Estamos em pleno Carnaval mas as disputas não param! E para entrar no clima da folia, vamos trazer o primeiro embate que envolve um brasileiro, um gênio e pioneiro dos balões e da aviação que impressionou a sociedade francesa do começo do século XX com sua invenção. E a briga não vai ser fácil porque do outro lado são dois combatentes – dois irmãos norte-americanos que se inspiraram nas bicicletas para ganharem os ares.
Essa talvez seja uma das disputas mais acirradas em termos de quem de fato inventou alguma coisa. E quando envolve um brasileiro, a paixão fica sempre à flor da pele. É a mesma coisa que perguntar: quem foi melhor na Fórmula 1, Ayrton Senna ou Schumacher? Quem foi melhor no futebol, Pelé ou Maradona? Pois então, a mesma lógica funciona aqui, mas será que dessa vez o brasileiro realmente vai estar certo?

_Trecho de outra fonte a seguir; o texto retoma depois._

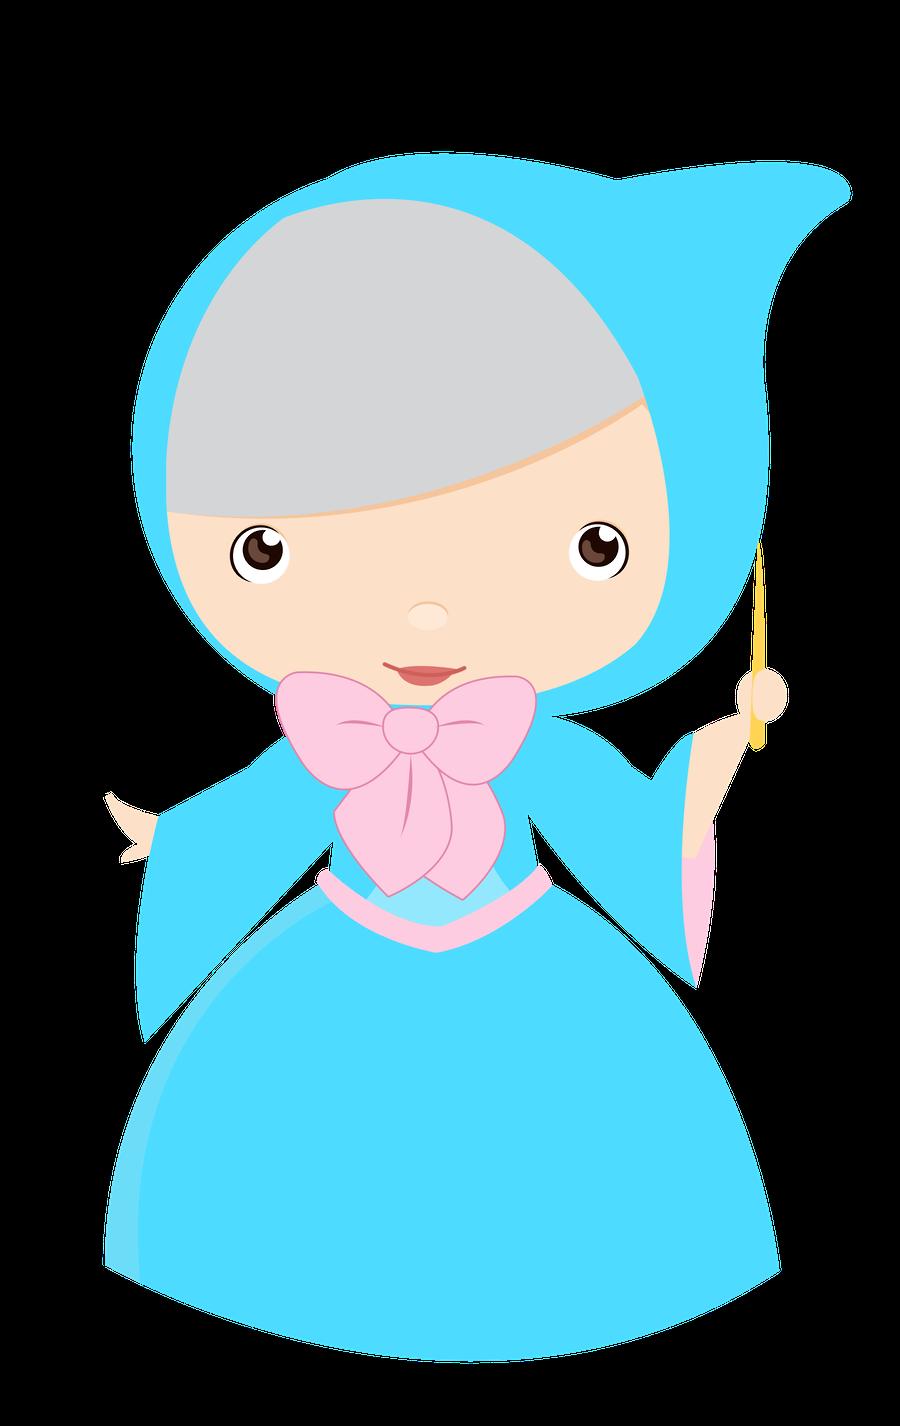 Cinderella Baby Clip Art Fada Madrinha Da Cinderela Fada Madrinha Cinderela Feltro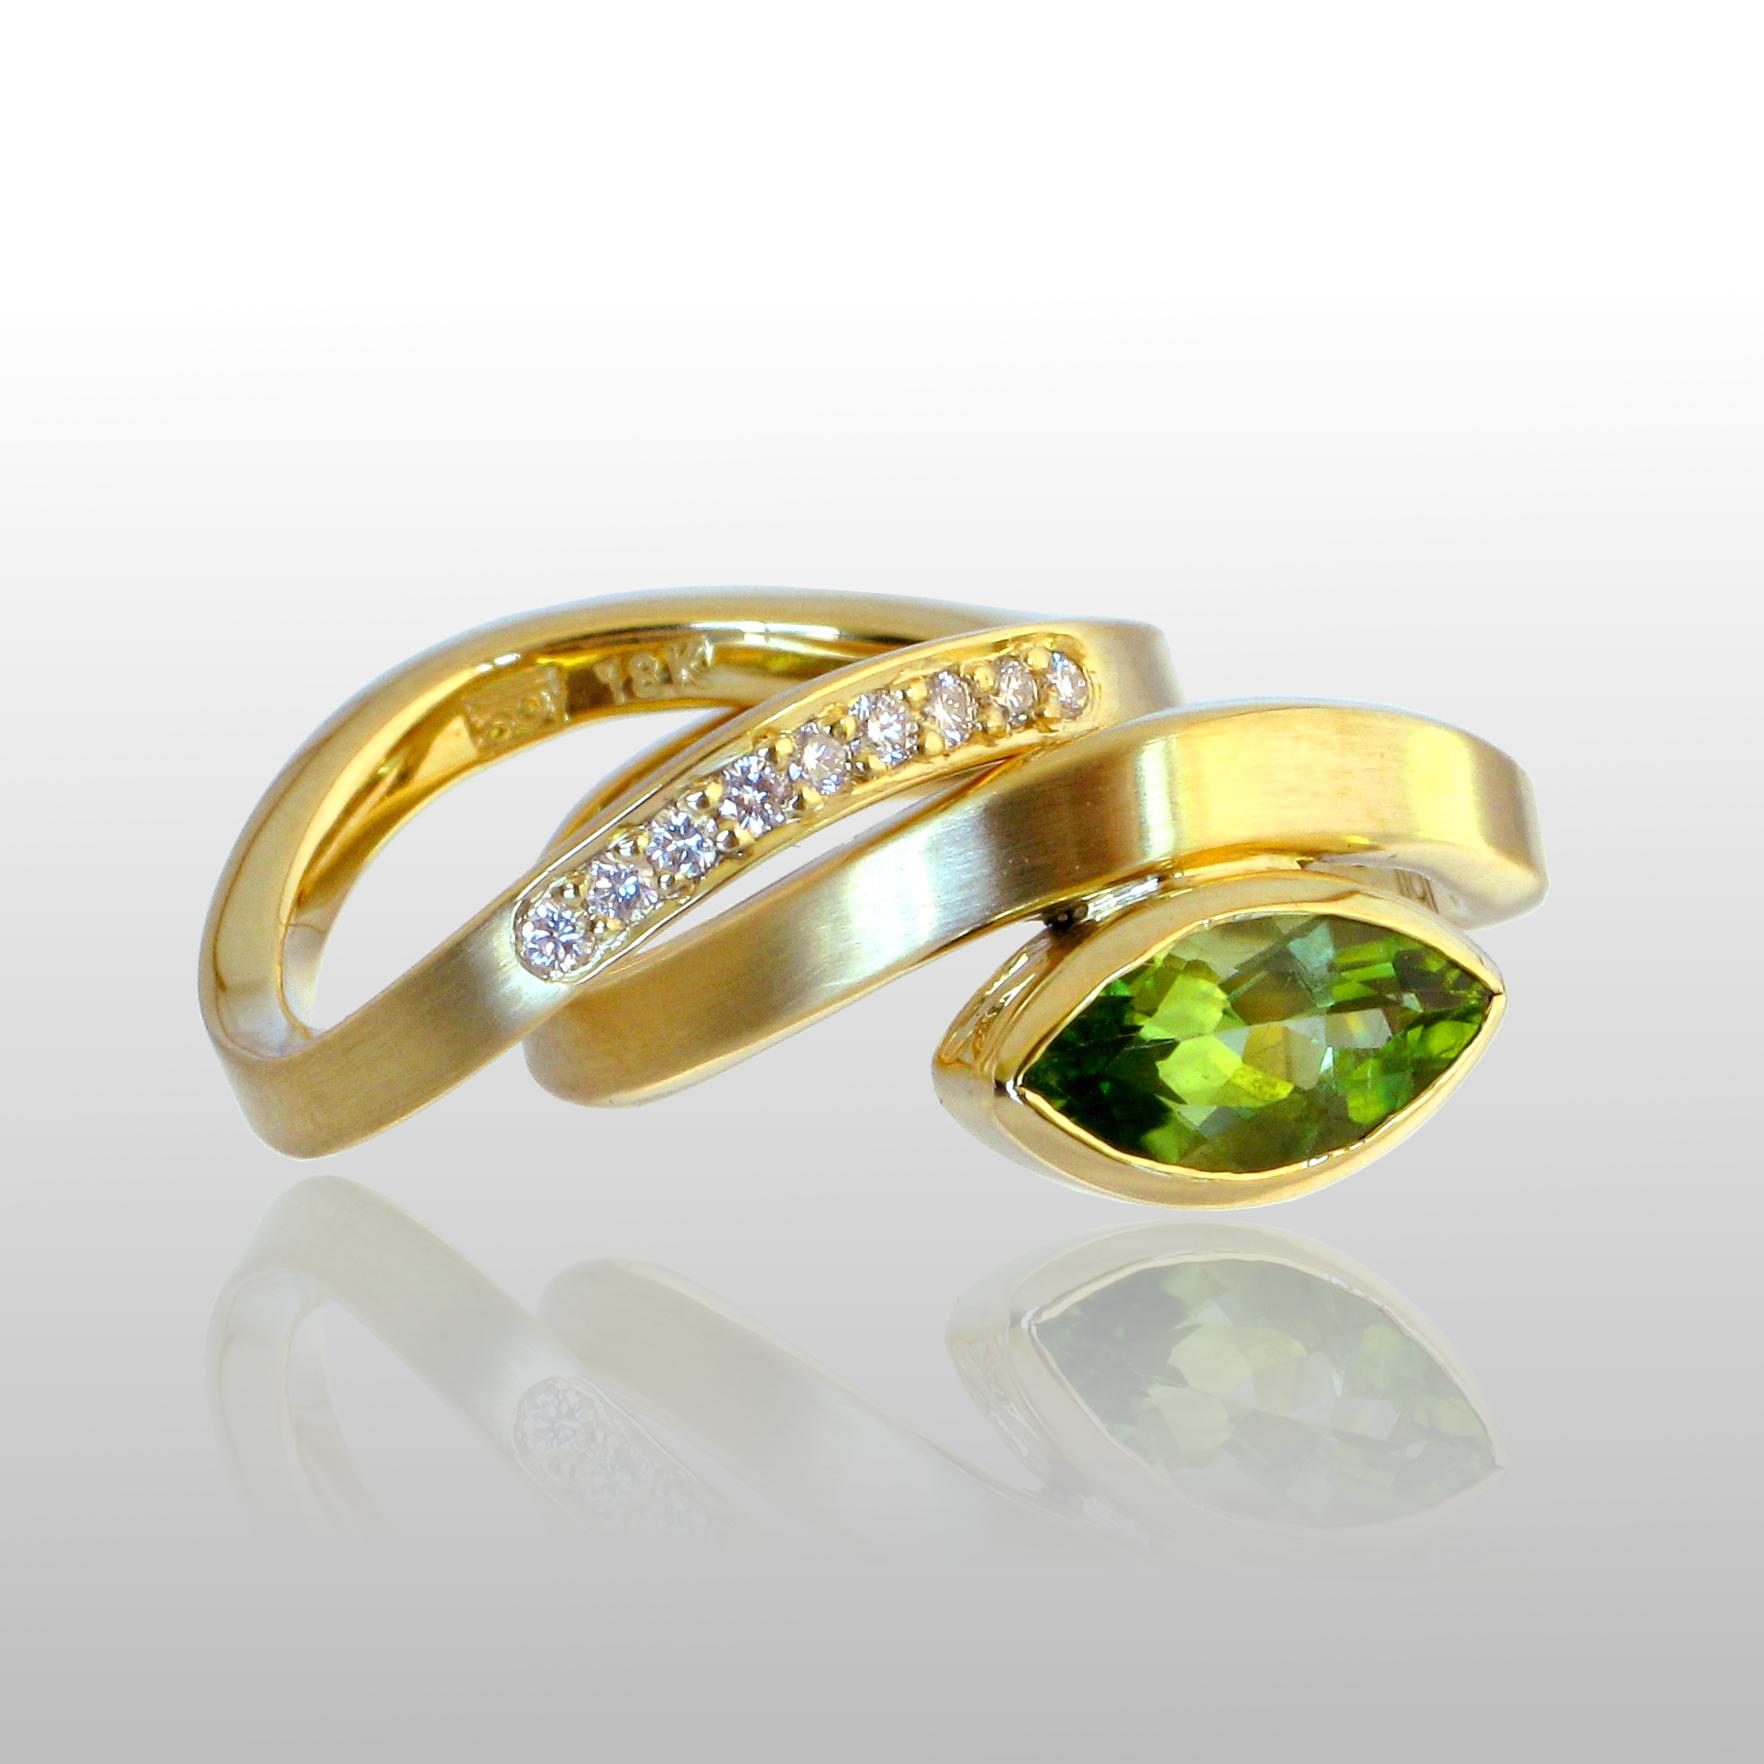 Contemporary 18k gold wedding band set 'Synergy' with peridot and diamonds by Pratima Design Fine Art Jewelry

Veja aqui as outras lutas:
- Gênio vs Gênio #1: a rivalidade elétrica entre Thomas Edison e Nikola Tesla
- Gênio vs Gênio #2: o combate atômico entre Oppenheimer e Edward Teller
- Gênio vs Gênio #3: tem boi na linha nessa briga entre Graham Bell e Meucci
Que começem os jogos! (ou "iiiiiit's tiiiiiime!!!")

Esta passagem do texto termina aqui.